As spring approaches, don't be a victim of home repair and contractor fraud. Reduce the risk of being scammed by making yourself aware of the following red flags:
1. Contractors who appear at your doorstep: If someone knocks at your door to ask you if you need their services, or offer to give you a consultation, it is okay to simply take their business card, listen to what they have to say, and shut the door. One thing you should do is research their company online to see if it is legitimate. Often times, there are people who will take your money and run.
2. Your contractor is pressuring you: If you feel extremely pressured to make a decision because your contractor is pushing you to sign the agreement based on a "special deal" or "today only" offer, it may be in your best interest to decline the offer. AOB (Assignment of Benefit) fraud is also very common and some contractors who require an AOB are known for their high-pressure tactics. Signing an Assignment of Benefits form transfers the rights of the policyholder to the contractor. Some unscrupulous contractors inflate the cost of repairs and commit insurance fraud when they bill the insurance companies for unwarranted expenses, leaving the insured to pay for out-of-pocket costs to finish the repairs.

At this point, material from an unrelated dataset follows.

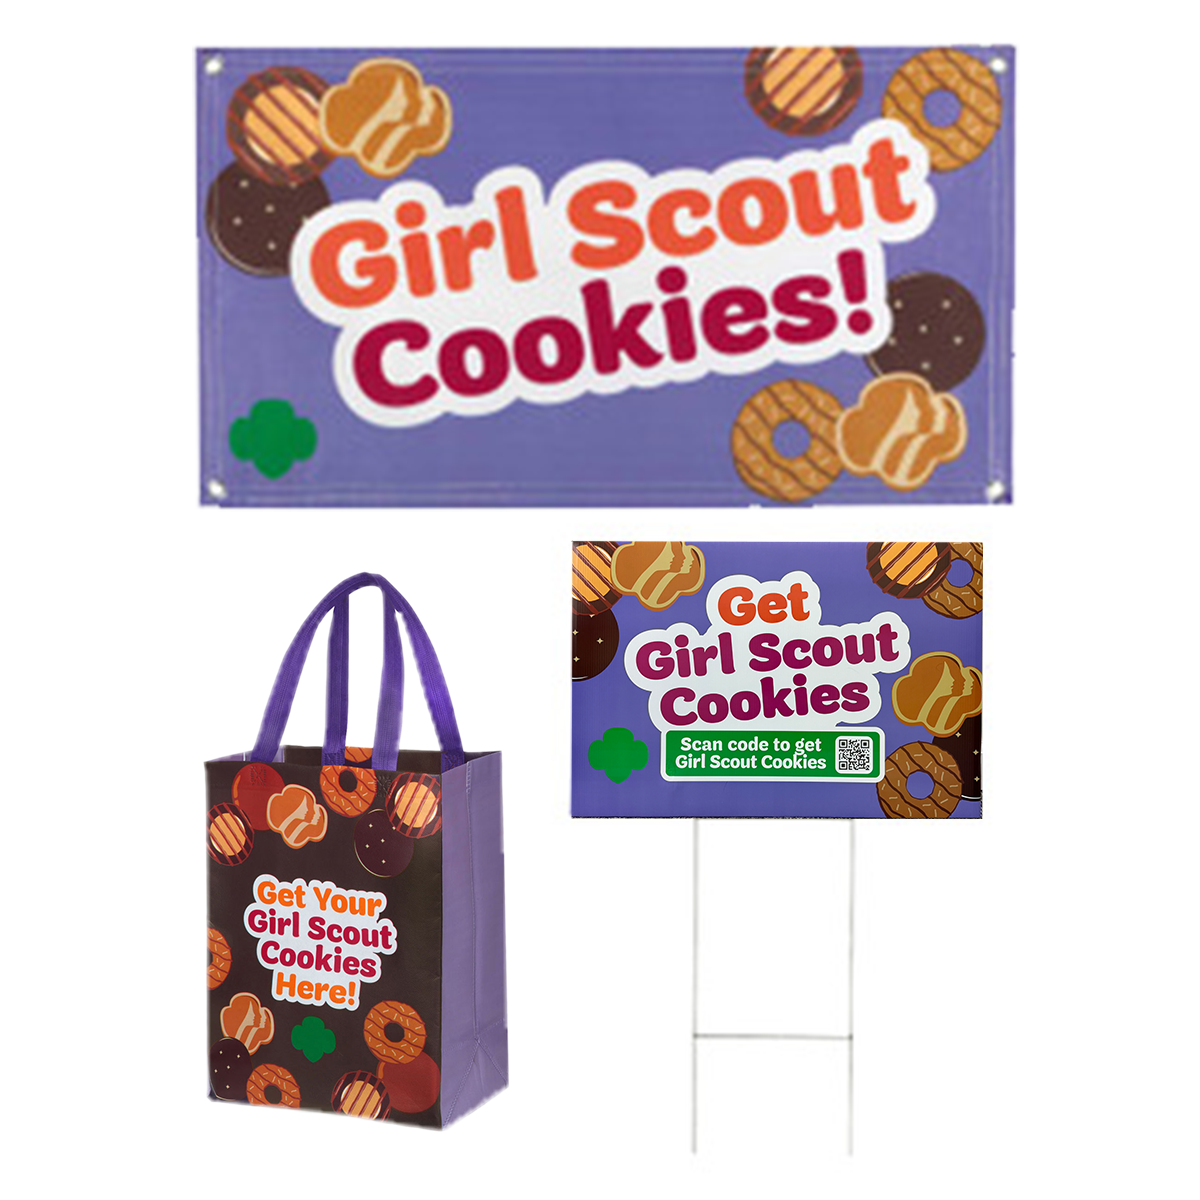 "Girl Scout Cookies" 
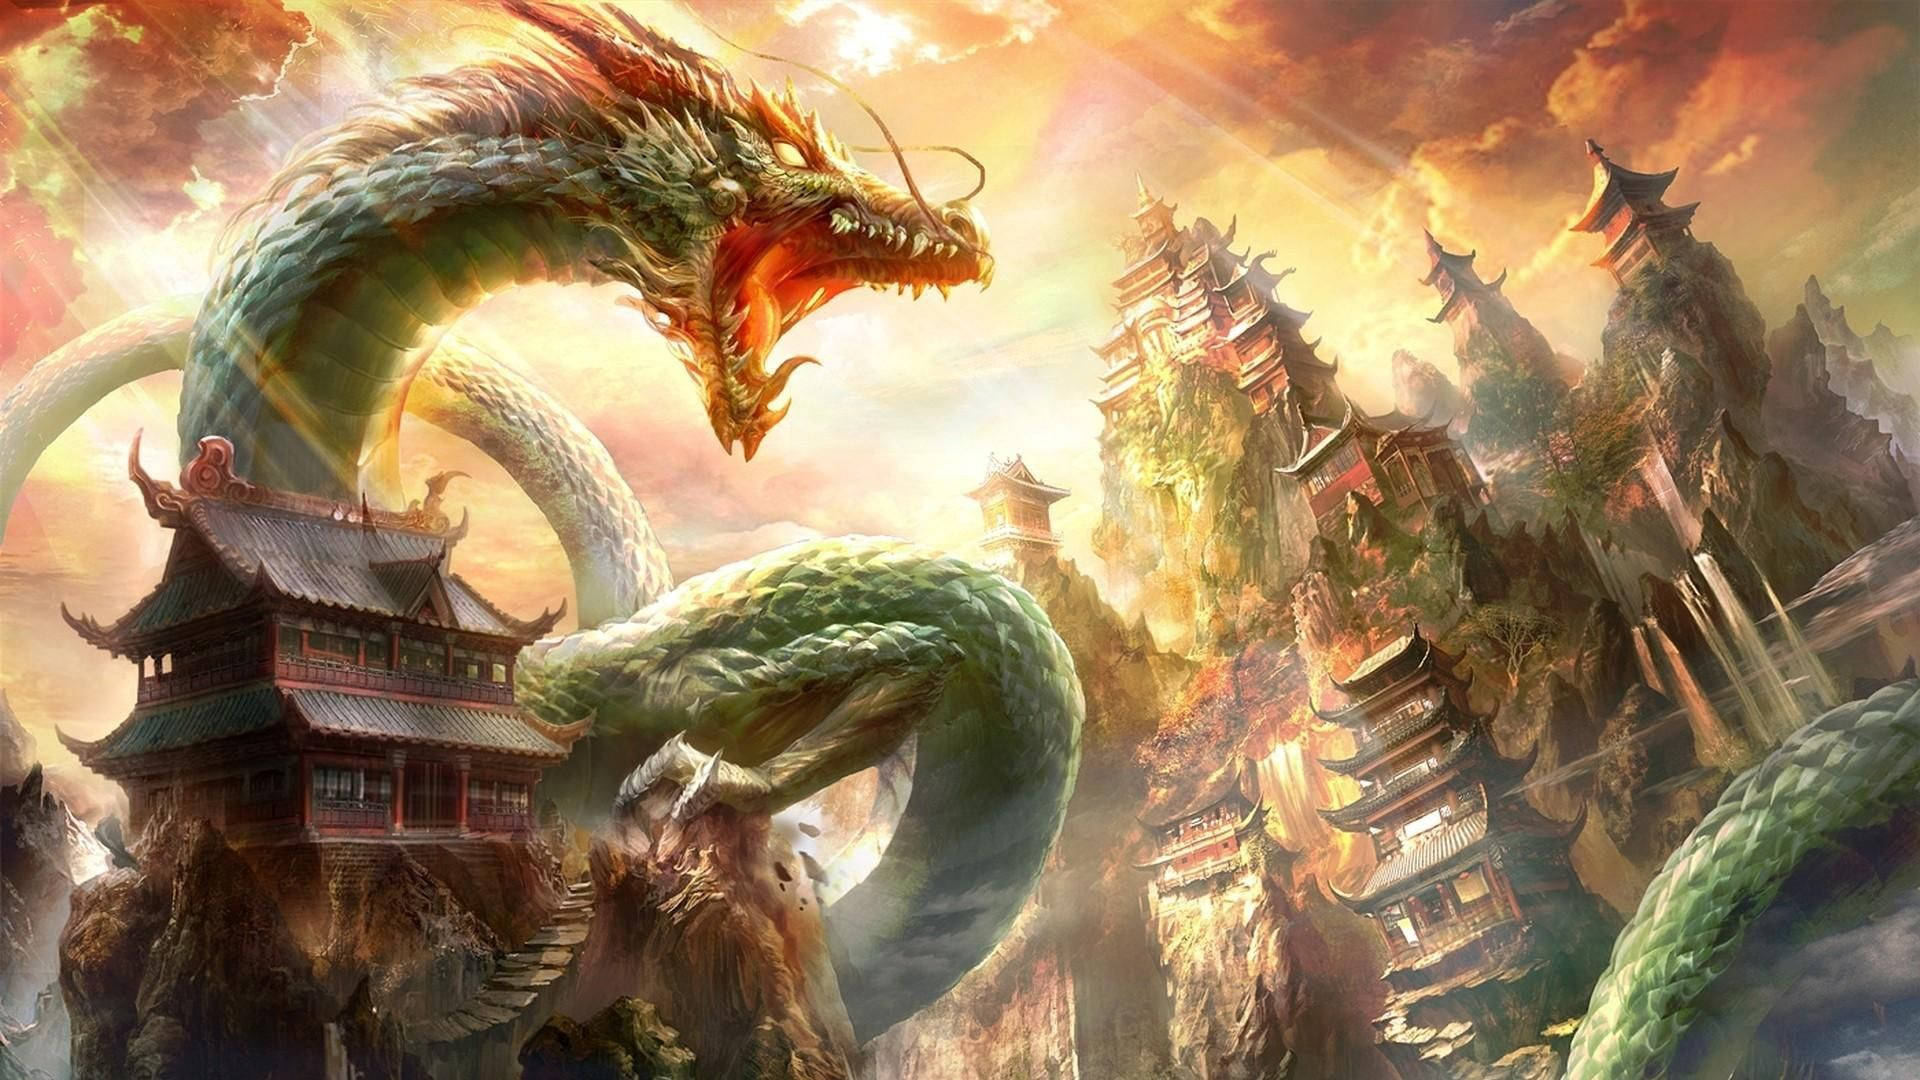 Coolest Dragon Attacks Chinse Temples Wallpaper

3. Someone tells you there is a problem in your home: If the contractor tells you there is a problem in your home you either never noticed before or never heard of, and offer to fix the problem, get a second opinion with your current contractor or with a reputable company before you make any major decisions.
4. No identification or permit: Your contractor should either be wearing a company shirt or have a business card and city permit. If he/she lacks identification, it will be harder for you to track them down if something goes wrong, or you could be getting set up for fraud.
Disasters can occur at any time, leaving your home in a state of disrepair. In times of crisis, many lend a hand to help, and sometimes those people are crooked contractors looking to scam you out of your hard-earned money. "Contract" with contractors in a safe way; make sure you always ask to see their license, ask for references from previous jobs, and never pay your contractor in cash.